By Sally Gracie
Mary Bean, wearing a “100 years” sash over her sweater, was feted at a fabulous birthday party on Saturday (Dec. 27). Months of organizing by Mary’s daughter, Jo Doyle, and others were evident in the decorations at the Methow Valley Community Center gym.
These included a guest-book table — the book was signed by more than 100 guests — hosted by a mannequin in an antique white dress and bonnet; luscious pink roses and gerbera daisies brought over from Seattle to make the center pieces; tables of carefully displayed memorabilia and photographs; bottles of peach Riesling carrying the Mary Bean label; and lots of banners, balloons and birthday cakes.
The Hottells provided music for dancing. The only thing missing was a family tree. Relationships from “grands” to “greats” are difficult for outsiders to keep straight with such a wonderfully large family.
Sonja Carson picks Naomi Klein’s newest book as one of the best of 2014. This Changes Everything: Capitalism for the Climate “touches on … the issue that faces every human on the planet today: learning to live in harmony with the earth that sustains us,” Sonja said.

“Many things have altered and shifted in the five years it took her to complete the book,” Sonja writes. “However, one point stands out clearly in my mind. The dialog that Klein opens to us is not about politics … not about who is right or wrong, who has the most money or who doesn’t. The issues we currently face as a species, Klein points out, are deeply personal.”
The changes we will need to make are radical. Still, Klein has hope that we will succeed.

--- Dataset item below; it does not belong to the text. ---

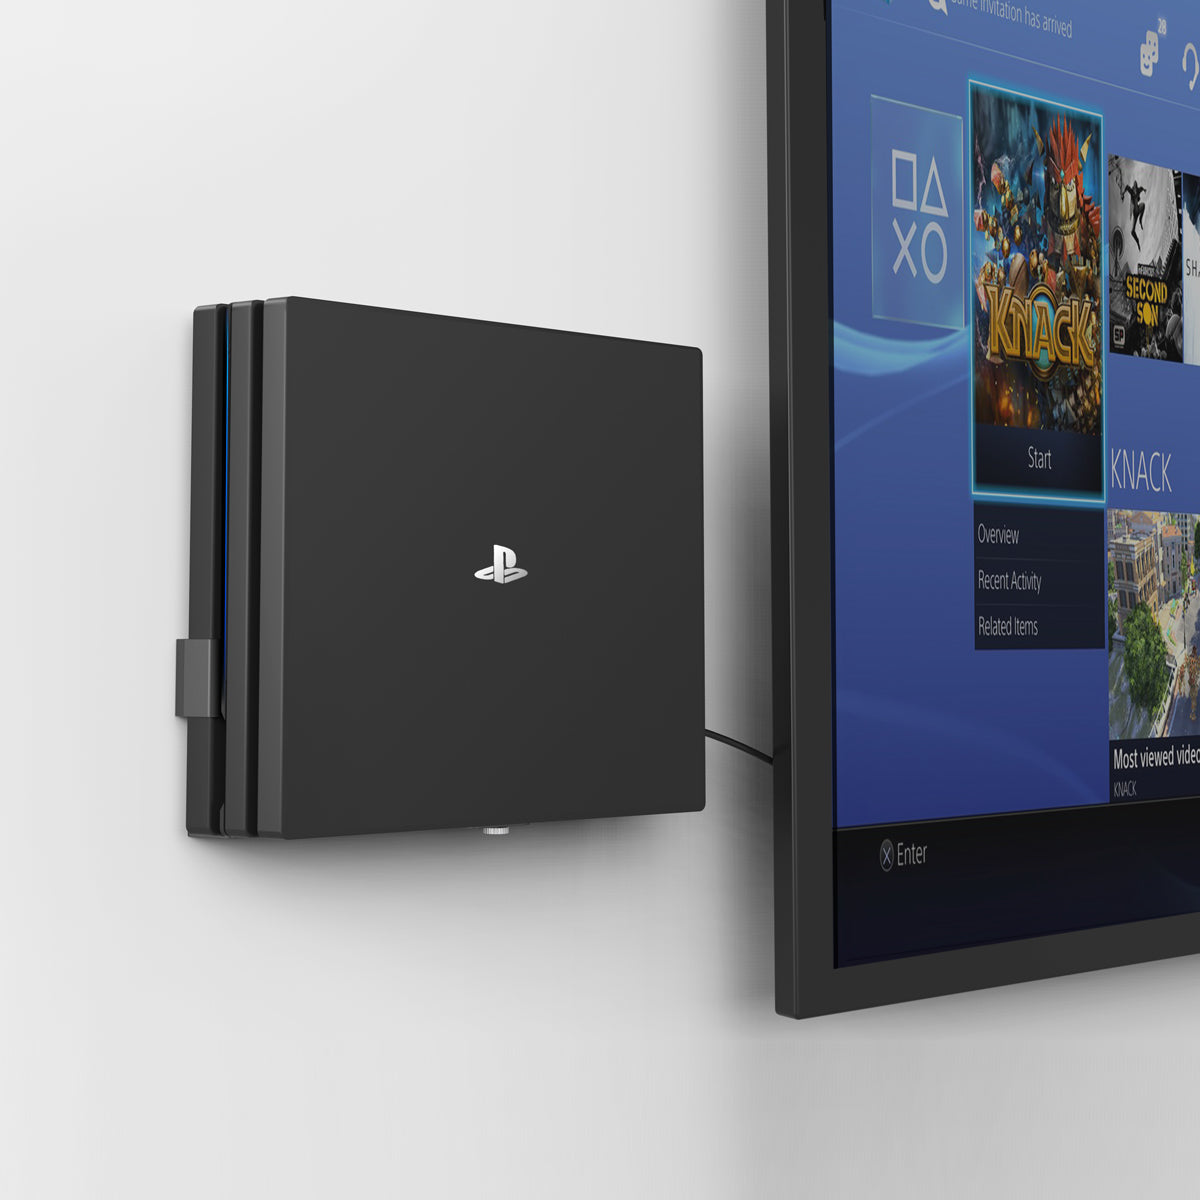 ps4 mounted to wall

Bill Hottell picks a 2011 Pulitzer finalist for a best (read in 2014). The Shallows: What the Internet Is Doing to Our Brains, by Nicholas Carr, “… is certainly one of the most important books published recently … Almost three decades of research is now completed,” Bill says. “What have scientists/neurologists learned? For anyone who uses the Internet for an appreciable amount of time, the person’s brain has been altered. The neurological circuitry of the brain has actually been re-routed and changed … The Internet user is less capable of sustained concentration, is less capable of following nuanced reasoning and debate positions [and] less capable of following complexity.

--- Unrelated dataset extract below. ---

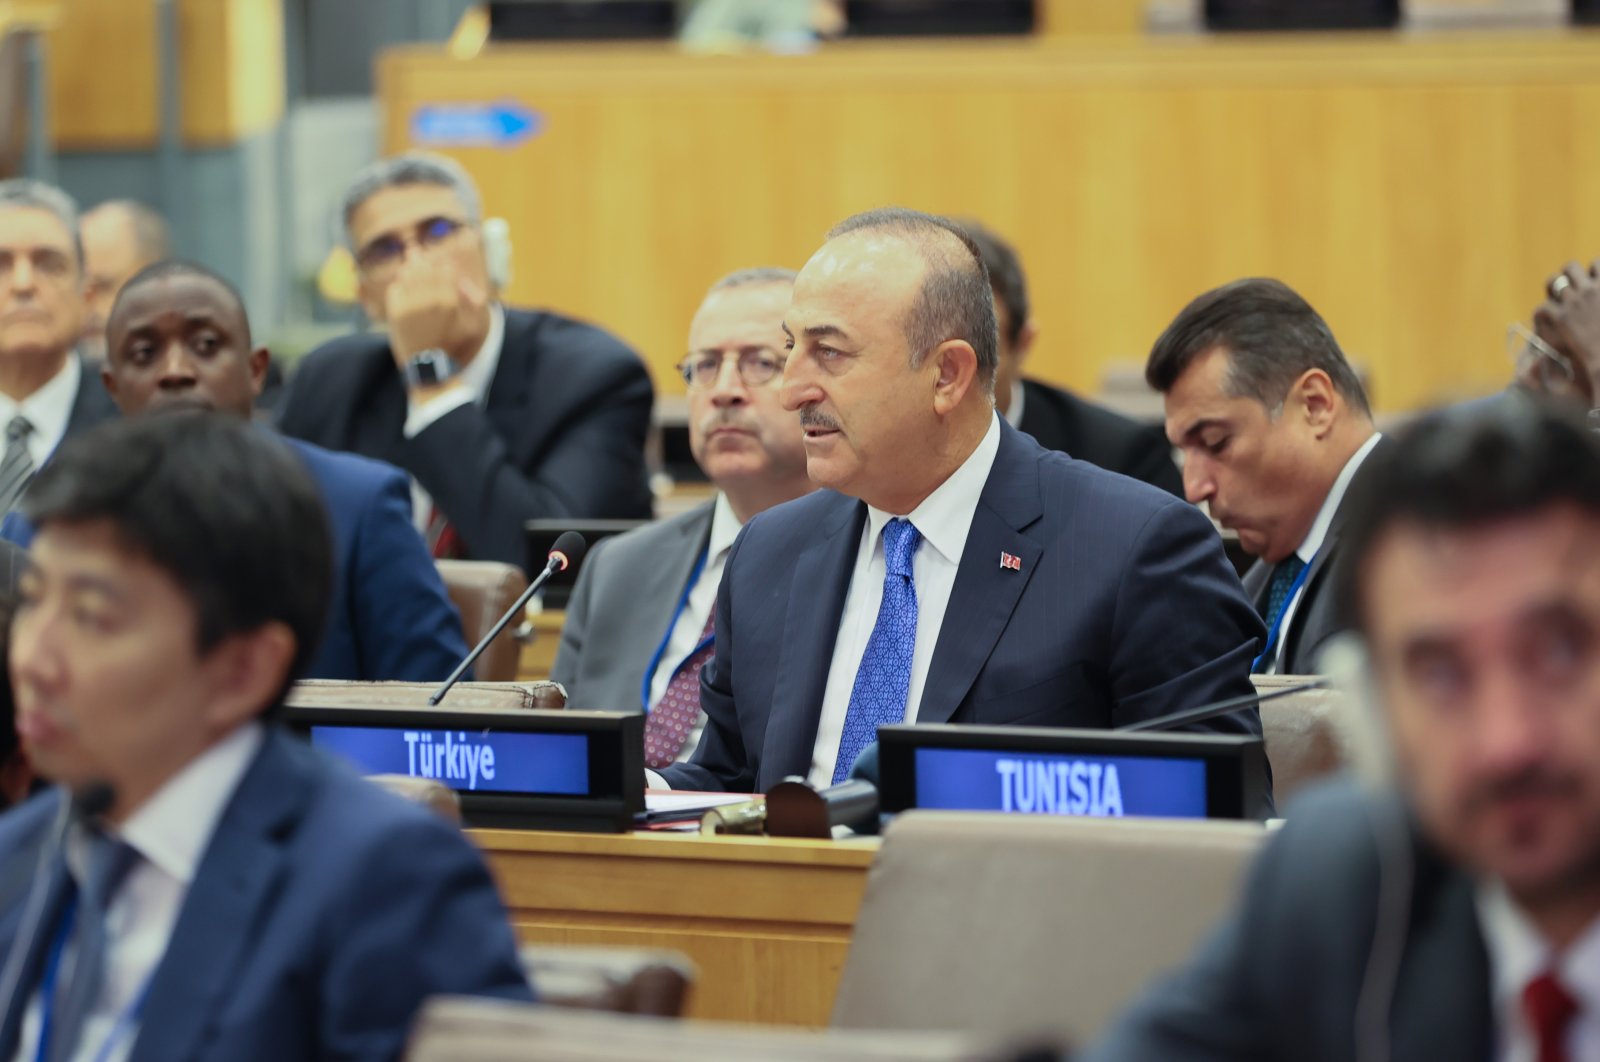 Foreign Minister Mevlüt Çavuşoğlu is seen during a meeting of the Organisation of Islamic Cooperation (OIC) in New York, U.S., Sept. 22, 2022 (AA Photo)

“So many Americans are frequently holding a cell phone, iPhone, iPad, Smart Phone in their hands that the hand-held device is becoming an extension of the person’s body (and mind) … This is beginning to seem like an evolutionary change in humans,” Bill concludes.
Kathy Ehrenberg loved The Good Lord Bird (National Book Award, 2013). And, she says, “a surprise literary novel for me this year was We Are Completely Beside Ourselves (Man Booker Prize 2014 short list) by Karen Joy Fowler. I’d read her Jane Austin Book Club, which I’d just considered a summer confection, so was a little unprepared but not totally surprised by the brilliance of this novel.”
Kathy thought two books by Lynne Olson are “relevant for our times.” One is Citizens of London: The Americans Who Stood with Britain in Its Darkest, Finest Hour (2010). Through Averill Harriman, Edward R. Murrow and Gilbert Winant’s experiences in wartime London, Olson shows how the strong U.S.-British alliance was forged. Kathy also recommends Olson’s Troublesome Young Men: The Rebels Who Brought Churchill to Power and Helped Save England.
Besides history book club titles, I bought three non-fiction books in 2014. Much touted by Washington pundits, John W. Dean’s The Nixon Defense: What He Knew and When He Knew It didn’t get me past page 25. The book includes transcripts of the Nixon tapes — most of them besides Rosemary Woods’ missing 18 minutes, a mystery that Dean finally explains. My take: It’s scary that a world leader and his compatriots are guilty of such loose gossip and cheap shots — not to mention sinister machinations — in their profanity-filled conversations.
For the first time in forever, I broke a cardinal rule: I gave up on a book without following the 50-page rule. I don’t blame a lack of focus for not completing Dean’s book. It is a tedious and boring tome. Better to reread All the President’s Men, Nixonland, or Dean’s own Blind Ambition: The White House Years (1976).
Pay Any Price: Greed, Power, and Endless War, by James Risen, I bought because I wanted to support the author who, at the time, was threatened by prison because he wouldn’t give up his sources. I bought The Teacher Wars: A History Of America’s Most Embattled Profession because I was a sometimes-embattled teacher, and this book got great reviews.